Records contained in a dataset
^^^^^^^^^^^^^^^^

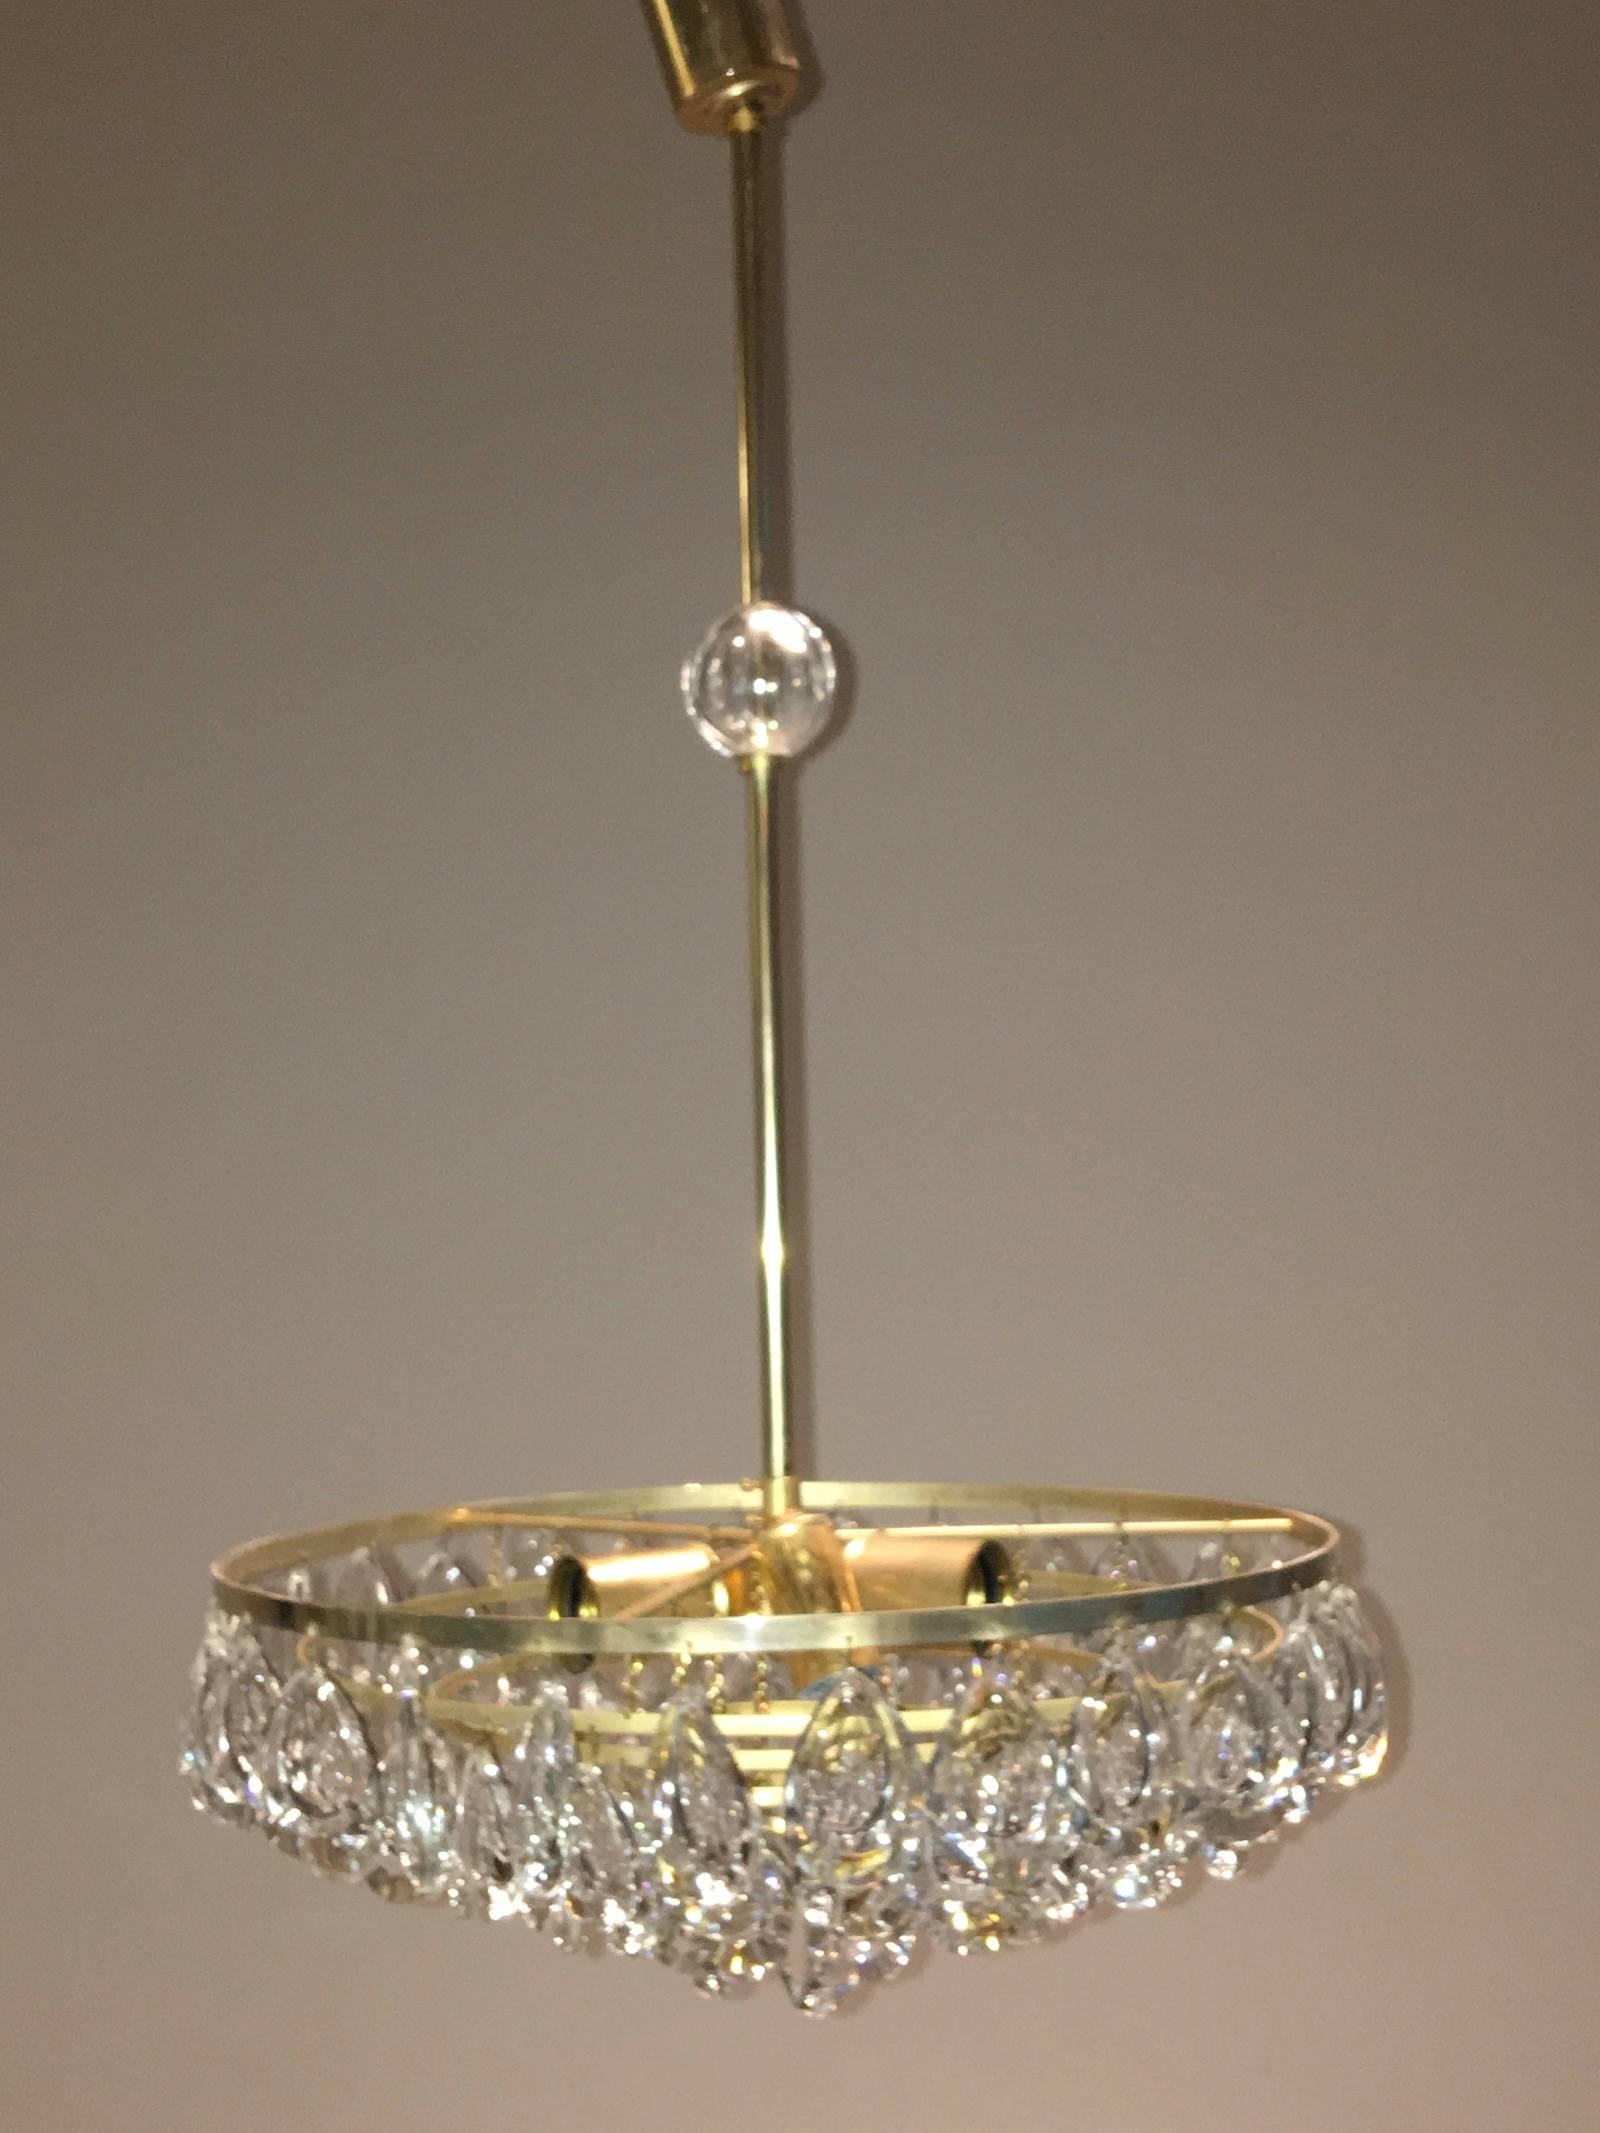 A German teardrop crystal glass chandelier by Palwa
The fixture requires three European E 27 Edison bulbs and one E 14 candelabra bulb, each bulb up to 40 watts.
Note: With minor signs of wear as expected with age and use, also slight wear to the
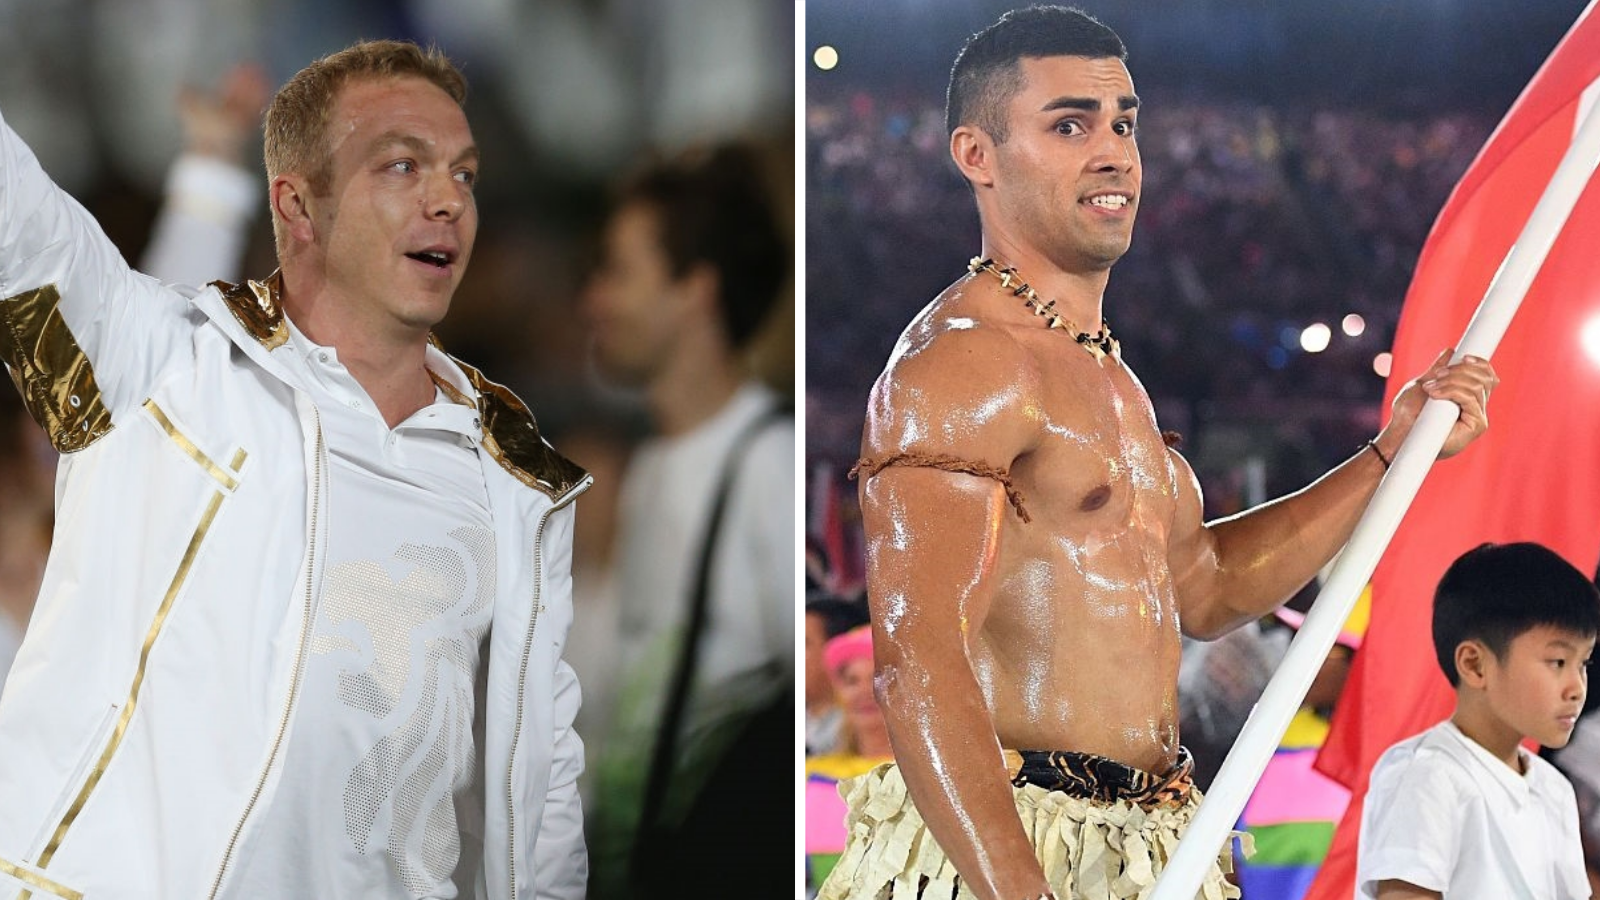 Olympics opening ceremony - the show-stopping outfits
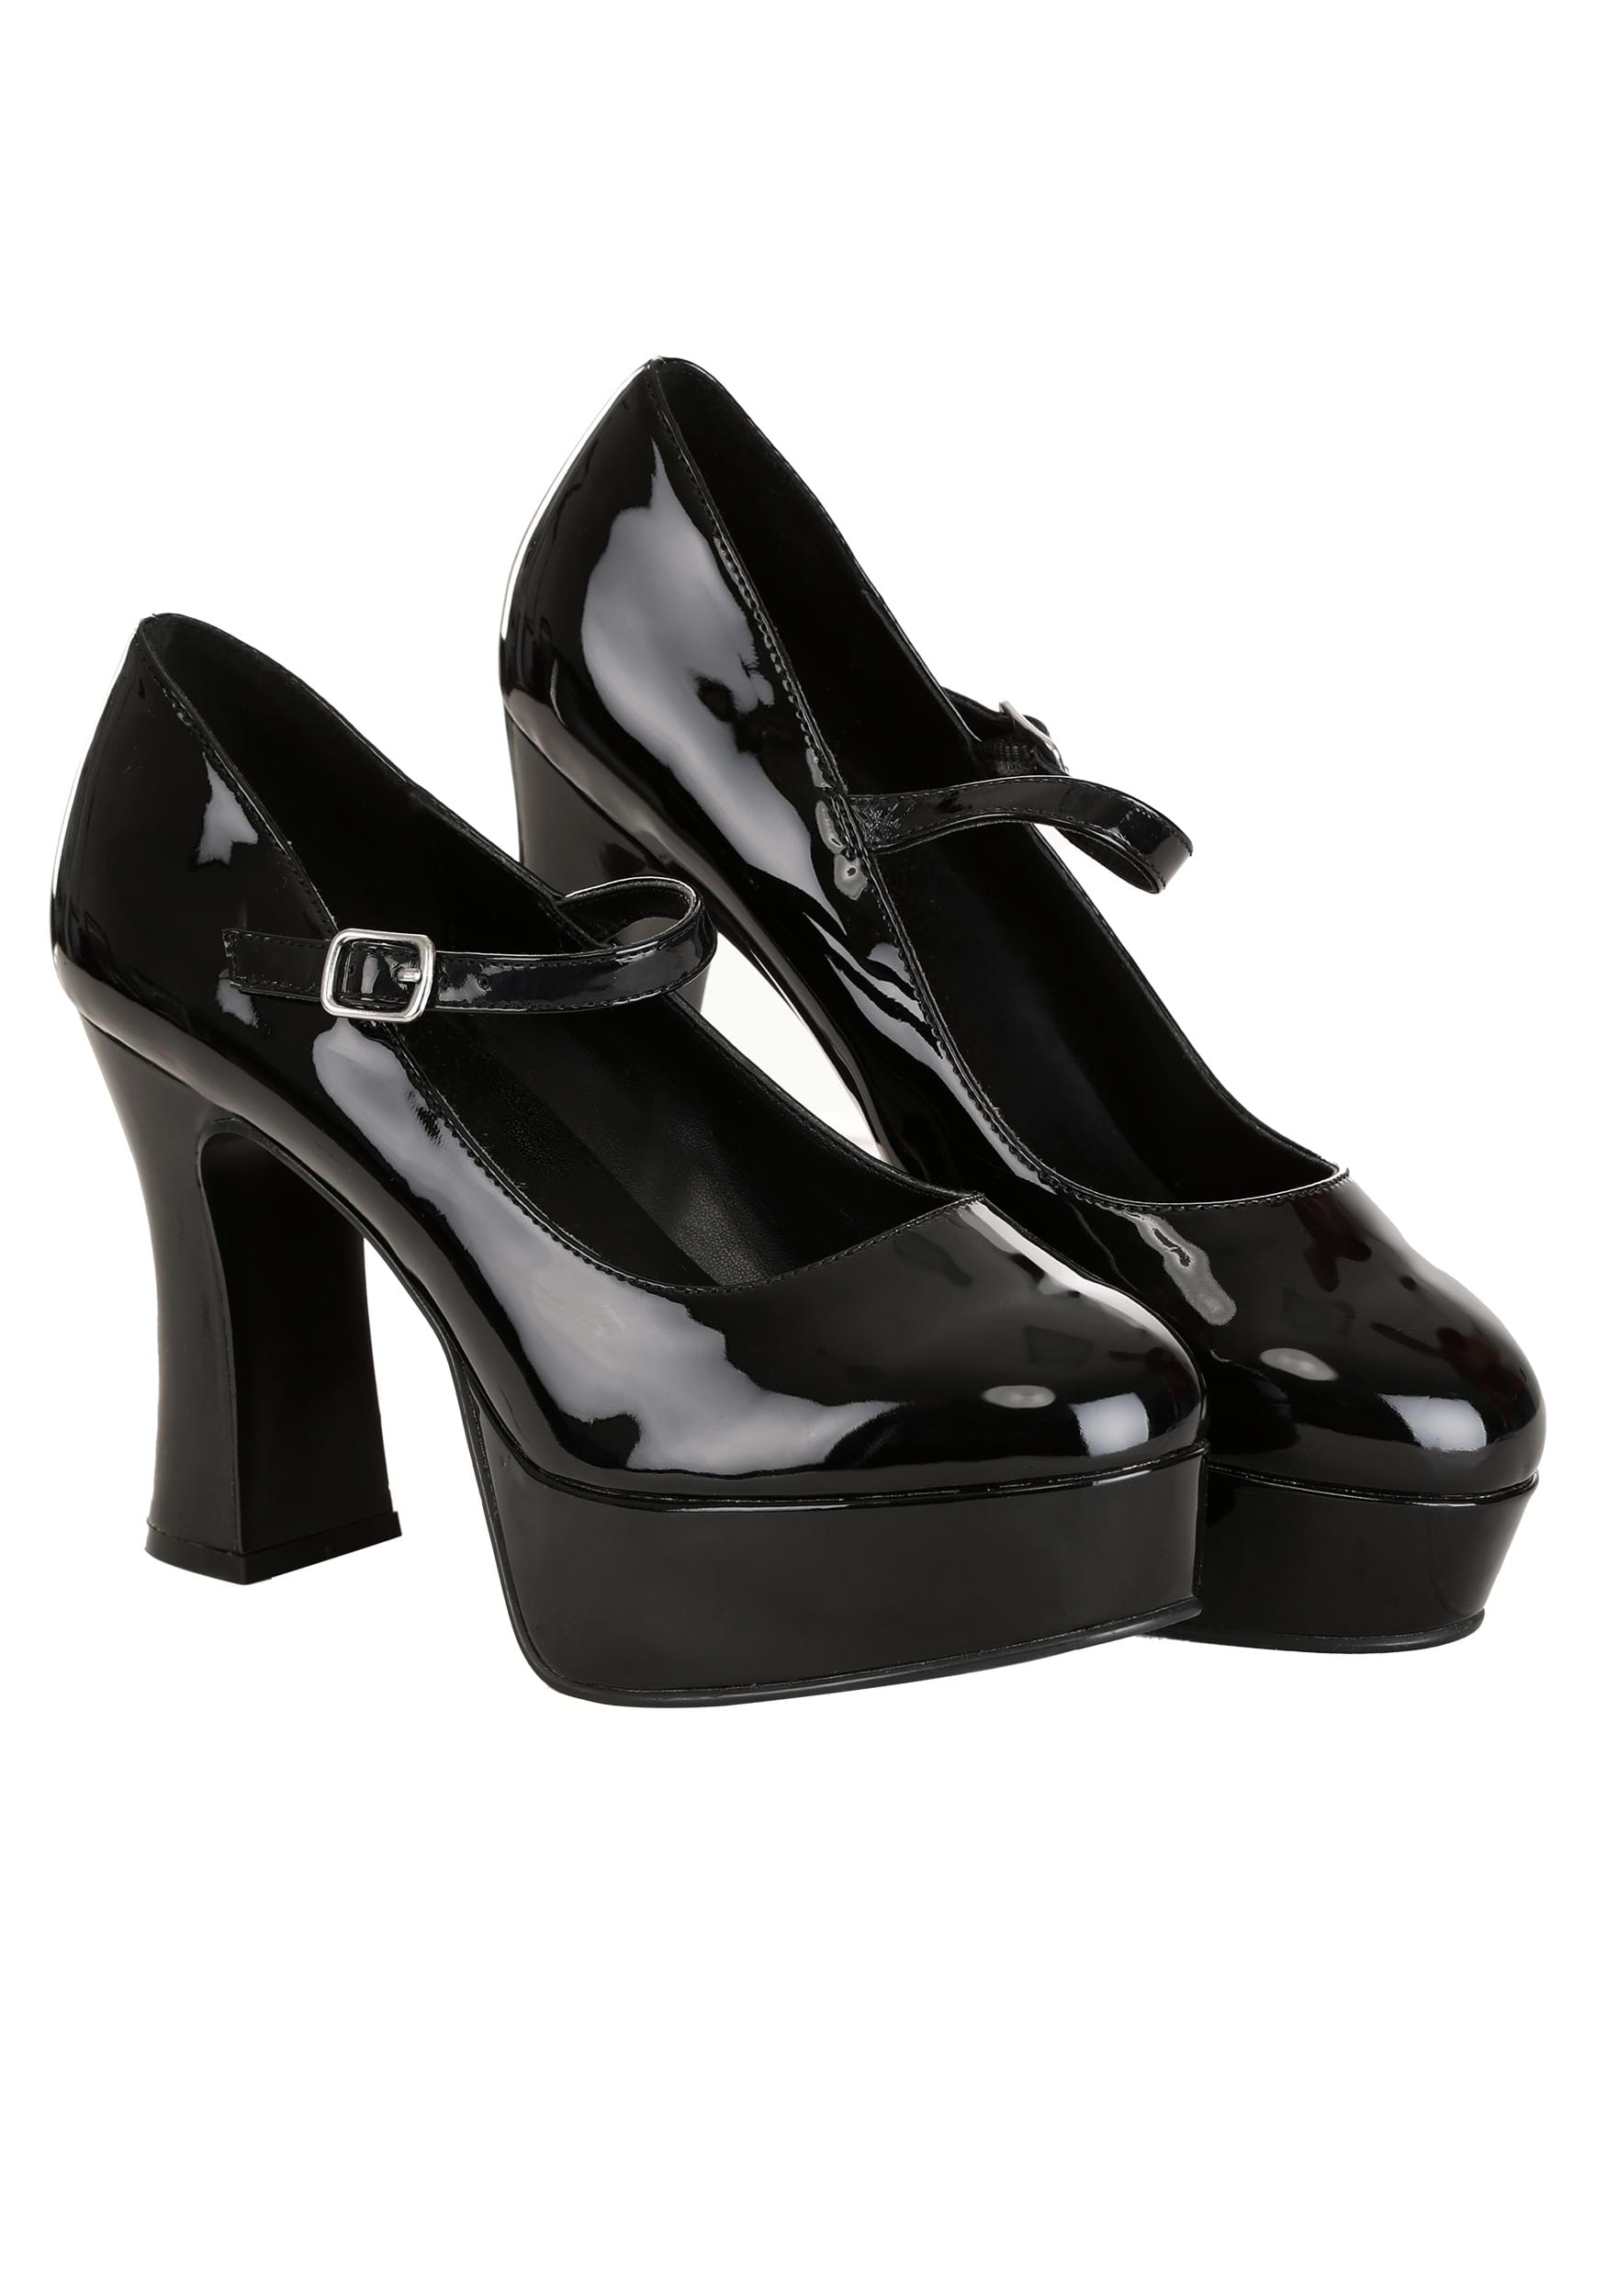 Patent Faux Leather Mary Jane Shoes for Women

^^^^^^^^^^^^^^^^

Aim of the task →
Reproduce, word for word, every line from the one that contains "Note: With minor" to the end of the data, including both ends; omit all pictures.

Expected answer →
Note: With minor signs of wear as expected with age and use, also slight wear to the
 Olympics opening ceremony - the show-stopping outfits
 Patent Faux Leather Mary Jane Shoes for Women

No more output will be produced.